Less profitable drugs—those against malaria and tuberculosis, for example—receive much less attention. The Bush administration, friendly to big pharma, “has refused to allow any of the promised $15bn in federal funds allotted for HIV/AIDS treatment in the Third World to be spent on generic drugs.”
Among the many wiles exposed are big pharma's use of contract research organisations to exert undue influence over clinical research and its insidious seduction of doctors. In 2001 drug companies gave doctors nearly $11bn worth of “free samples.” This was in addition to the “food, flattery, and friendship” provided by drug company representatives to doctors (BMJ 2003;326: 118912775621).
The final chapter, “How to Save the Pharmaceutical Industry—And Get Our Money's Worth,” gives seven essential reforms, chief of which is for the Food and Drug Administration to compare new drugs not with placebos but with old drugs, to see whether there are any additional benefits.

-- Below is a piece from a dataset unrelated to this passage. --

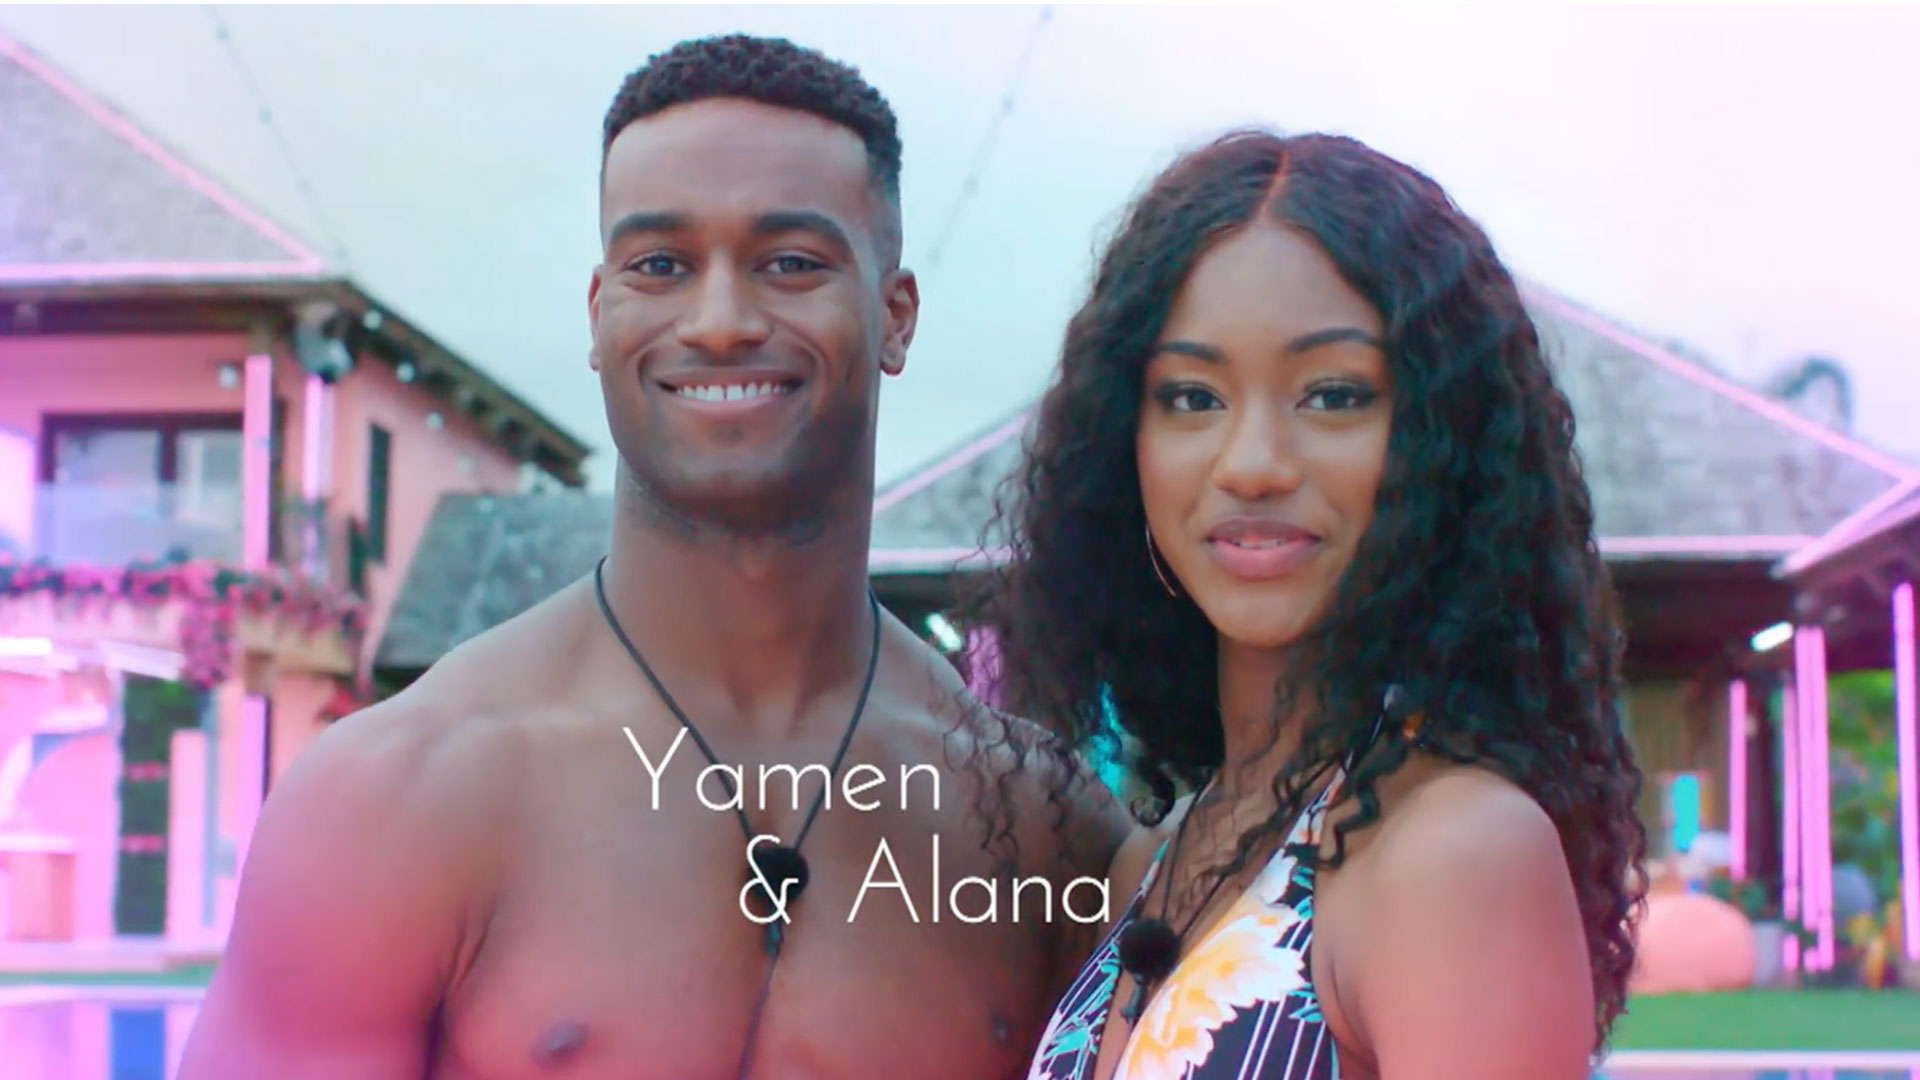 Yamen and Alana
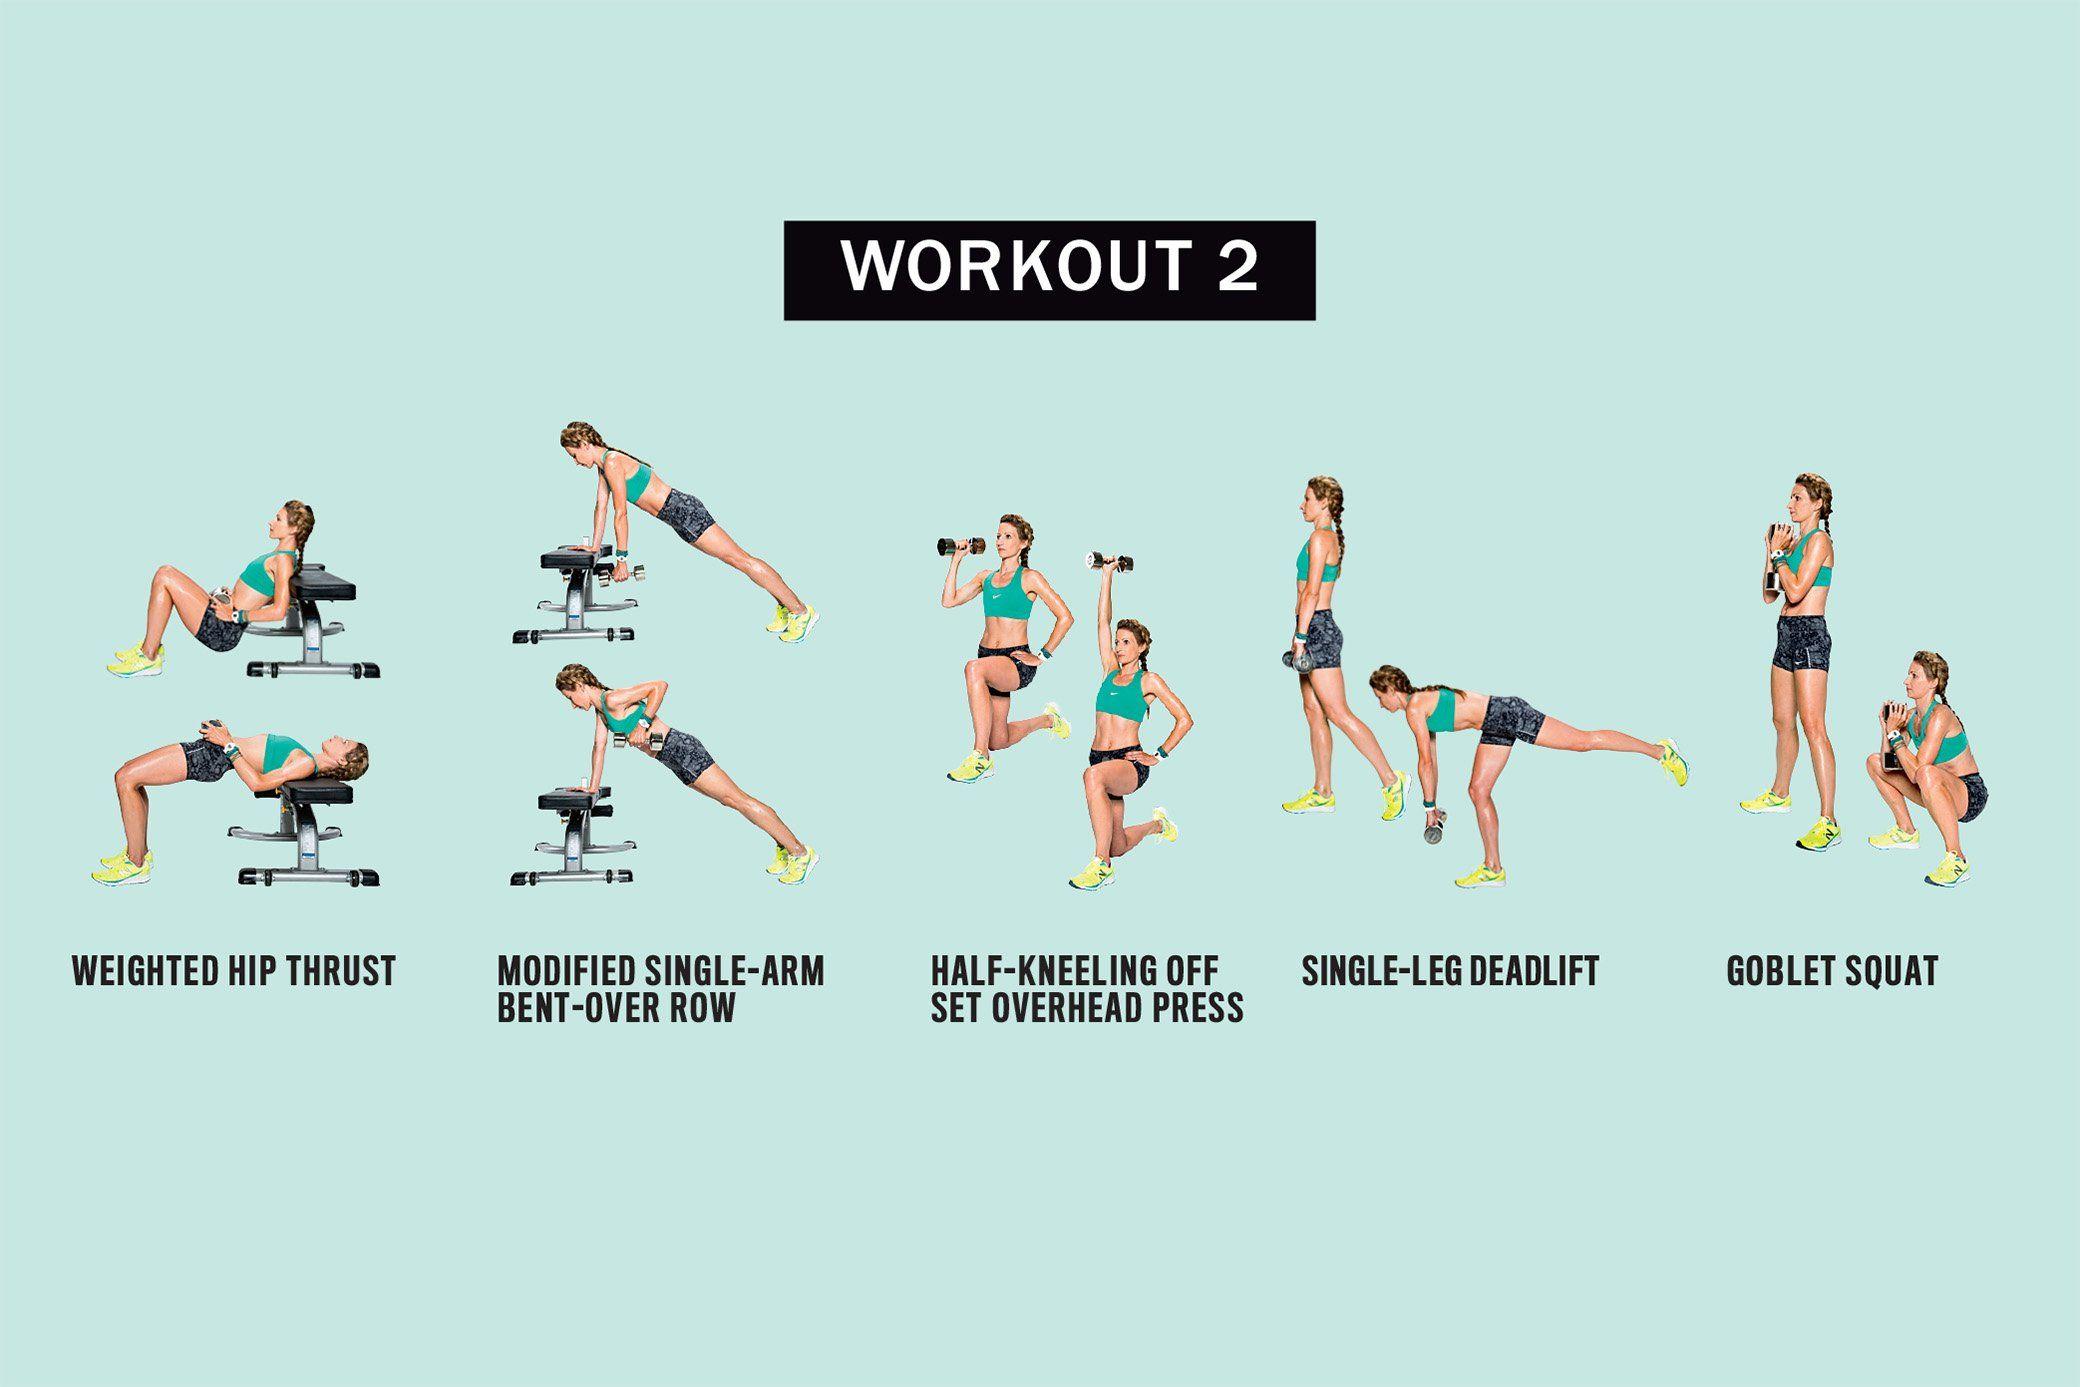 Workout 2 http://www.runnersworld.com/workouts/get-stronger-to-run-faster/slide/8

Angell's goal is access to good drugs at reasonable prices, which requires public pressure to spur the government to action against big pharma's powerful and ubiquitous lobbyists (more numerous than the members of Congress) and its political campaign contributions. She has performed an important public service in focusing on the drug companies and their disingenuousness. The reform of big pharma starts with a public outcry against the abuses she has shown. And here doctors should stand by their patients, not their purses.